Paris–Nice

Race details
- Date: March
- Region: France
- Nickname(s): La course au soleil (in French) The Race to the Sun (in English)
- Discipline: Road
- Competition: UCI World Tour
- Type: Major one week stage race
- Organiser: Amaury Sport Organisation
- Race director: Christian Prudhomme
- Web site: www.paris-nice.fr

History
- First edition: 1933
- Editions: 84 (as of 2026)
- First winner: Alphonse Schepers (BEL)
- Most wins: Sean Kelly (IRL) (7 wins)
- Most recent: Jonas Vingegaard (DEN)

= Paris–Nice =

French multi-day road cycling race

Paris–Nice is a professional cycling stage race in France, held annually since 1933. Raced over eight days, the race usually starts with a prologue in the Paris region and ends with a final stage either in Nice or on the Col d'Èze overlooking the city. The event is nicknamed The Race to the Sun, as it runs in the first half of March, typically starting in cold and wintry conditions in the French capital before reaching the spring sunshine on the Côte d'Azur. The hilly course in the last days of the race favours stage racers who often battle for victory.

Paris–Nice is part of the UCI World Tour and is the competition's first stage race in Europe each season, starting one day before its Italian counterpart, the Tirreno-Adriatico/Race of the Two Seas.
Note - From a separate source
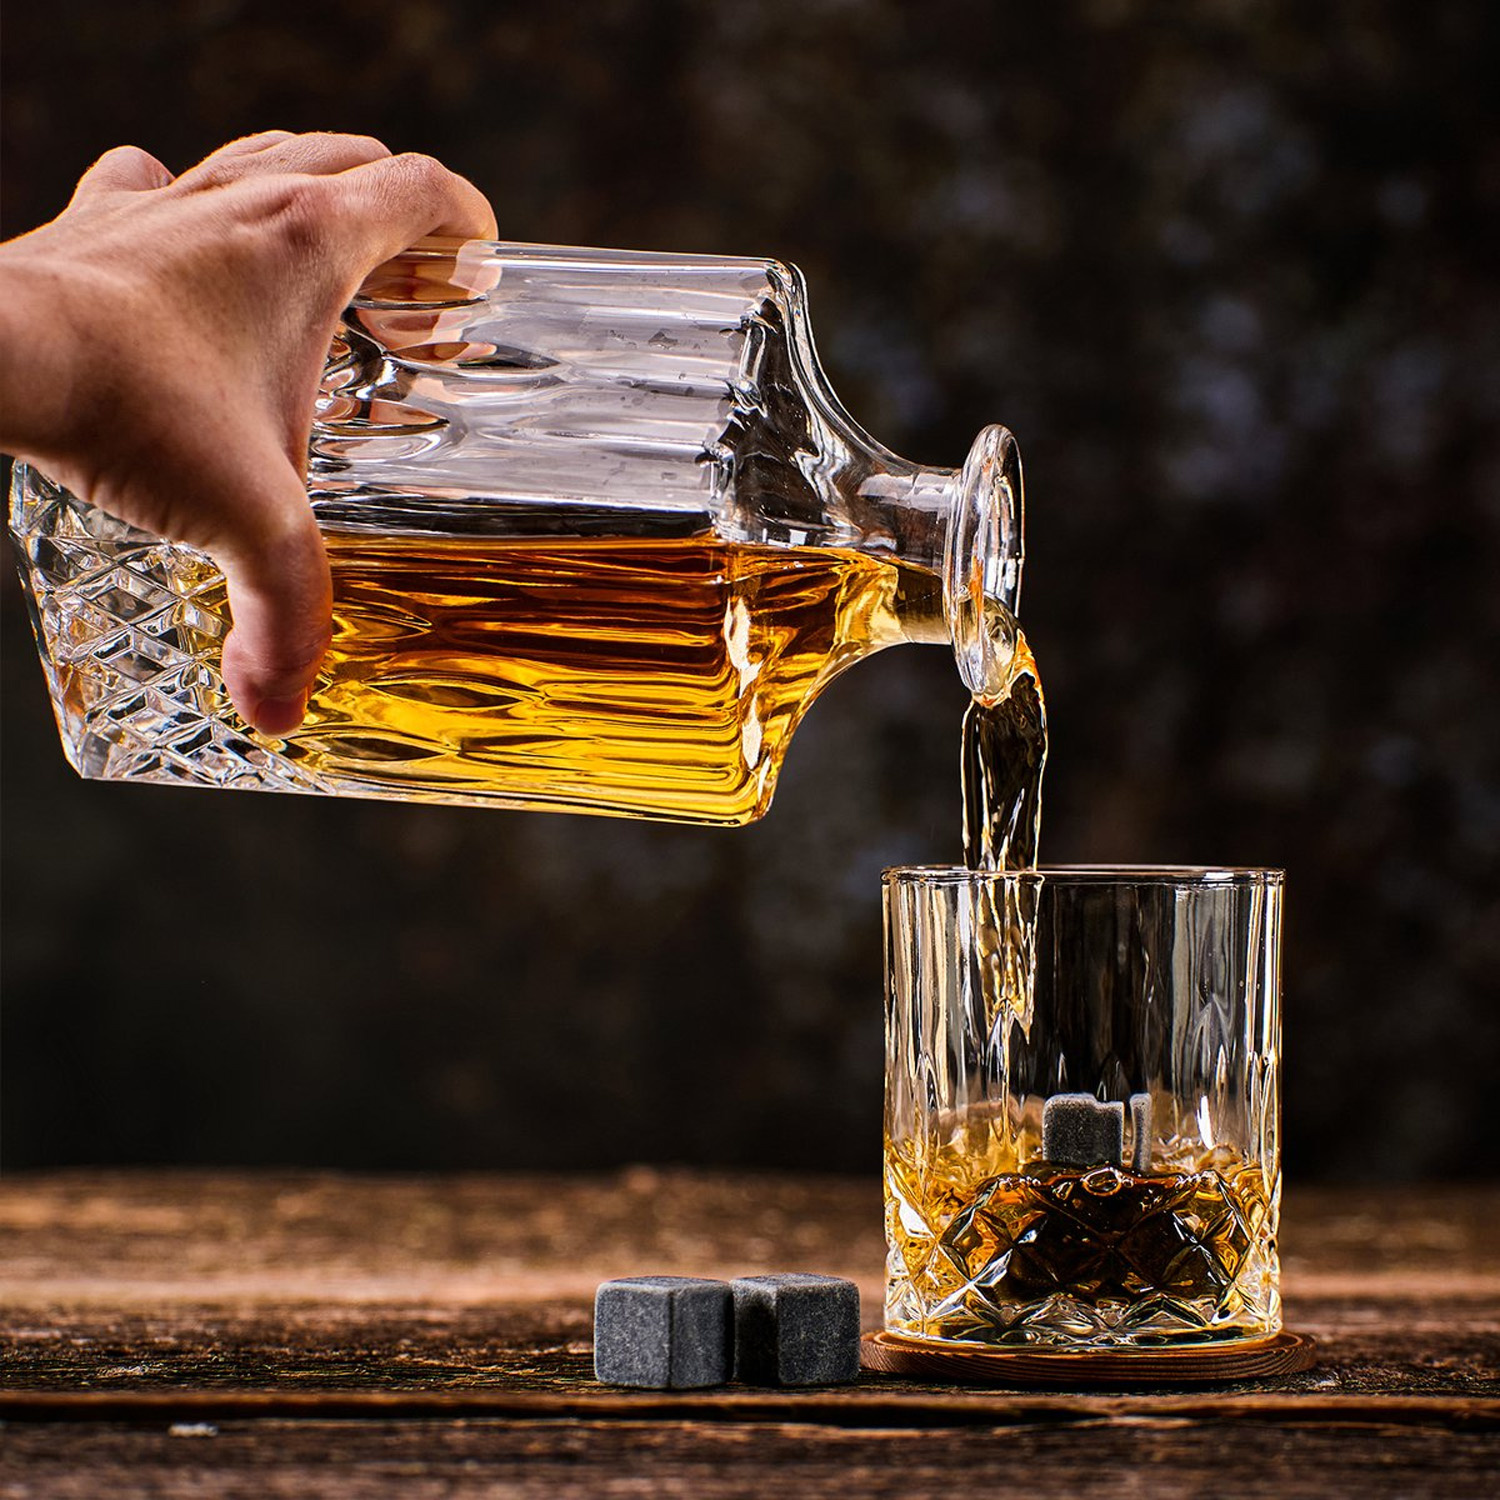 Nomfy Whiskey Stenen Voor Koude Drankjes - Herbruikbare Whiskey Stones - Whiskeystenen IJsblokjes - 9 Stuks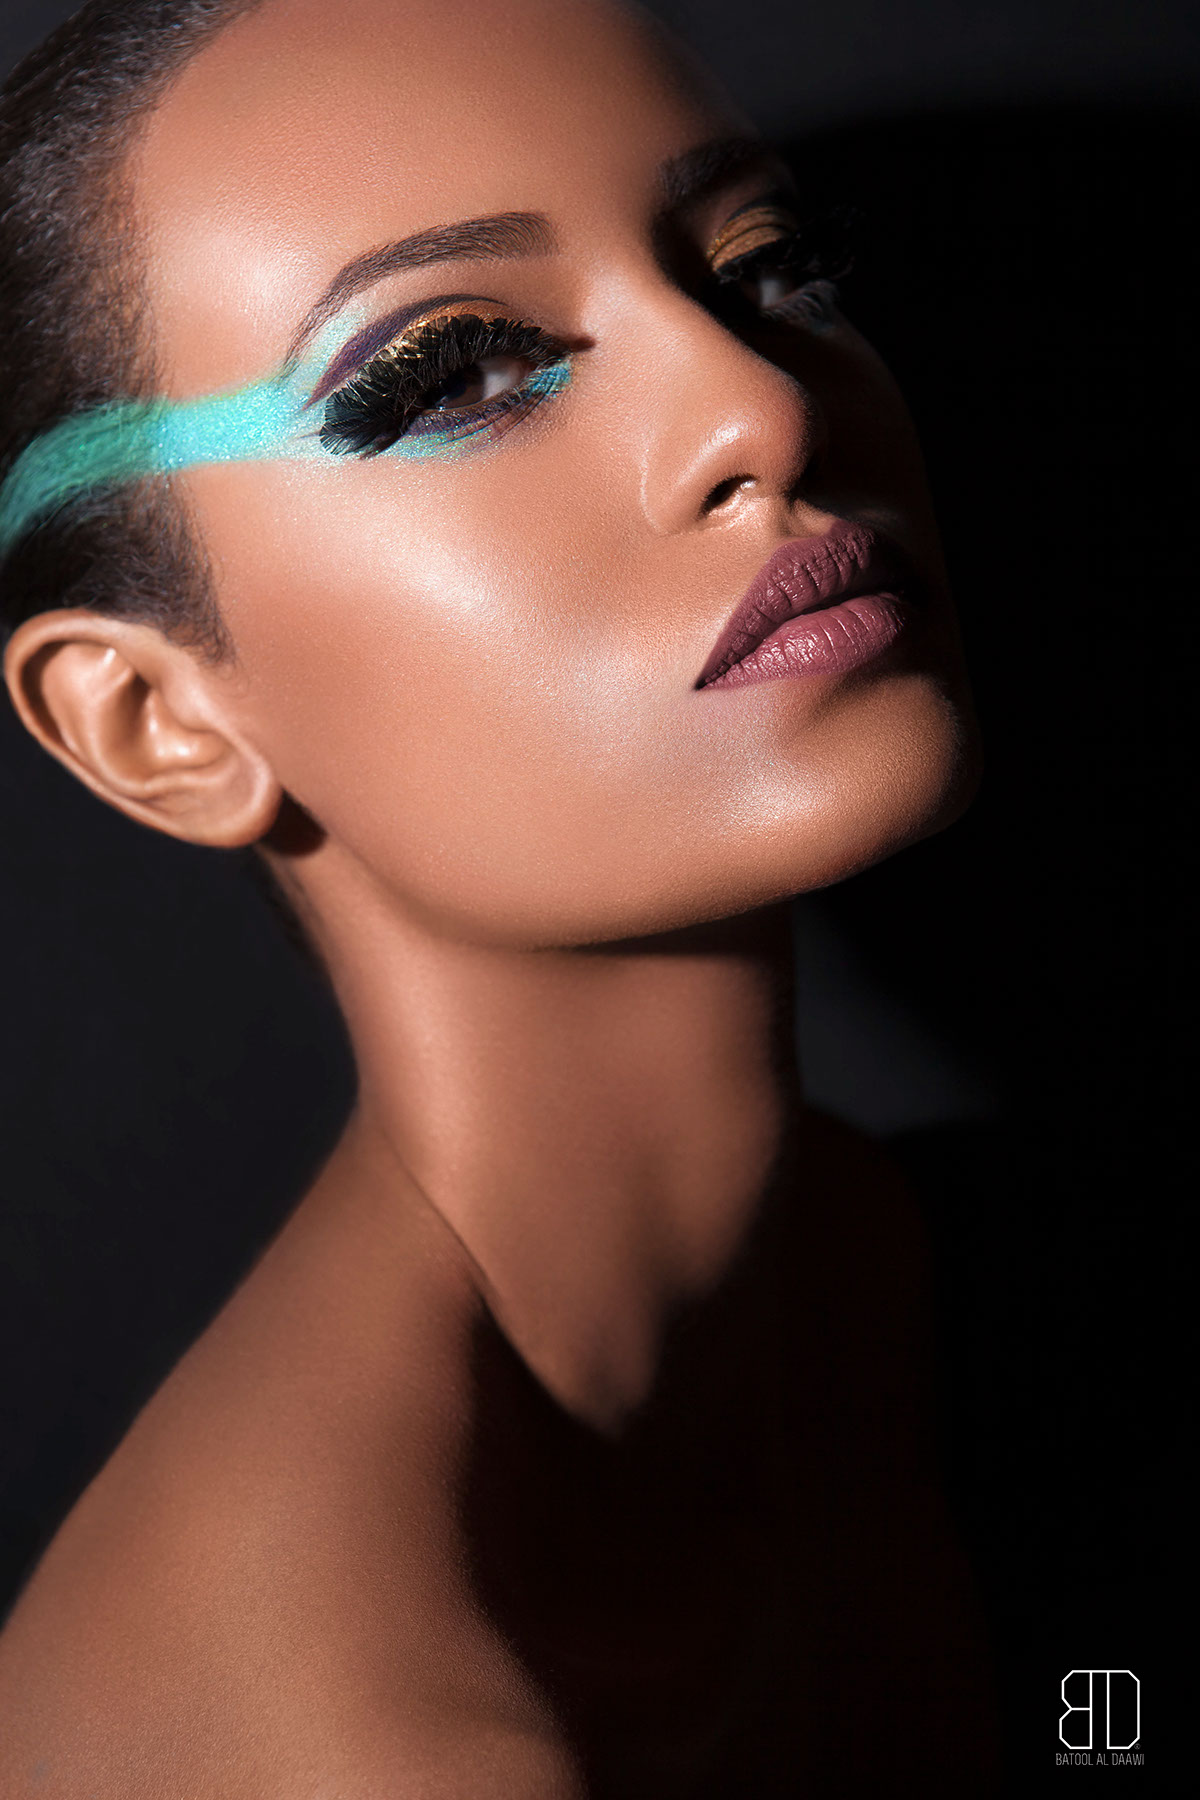 beauty makeup art artistic ArtisticMakeUp egypt model cairo gold eyemakeup lips studio studiophotography studioshoot studiolighting

It is organized by ASO, which also manages most other French World Tour races, most notably the Tour de France and Paris–Roubaix. The roll of honour features some of cycling's greatest riders, including French riders Louison Bobet, Jacques Anquetil and Laurent Jalabert, Low Country riders Eddy Merckx and Joop Zoetemelk who each won the race three times, and Spaniards Miguel Induráin and Alberto Contador. The most successful rider is Ireland's Sean Kelly, who claimed seven consecutive victories in the 1980s.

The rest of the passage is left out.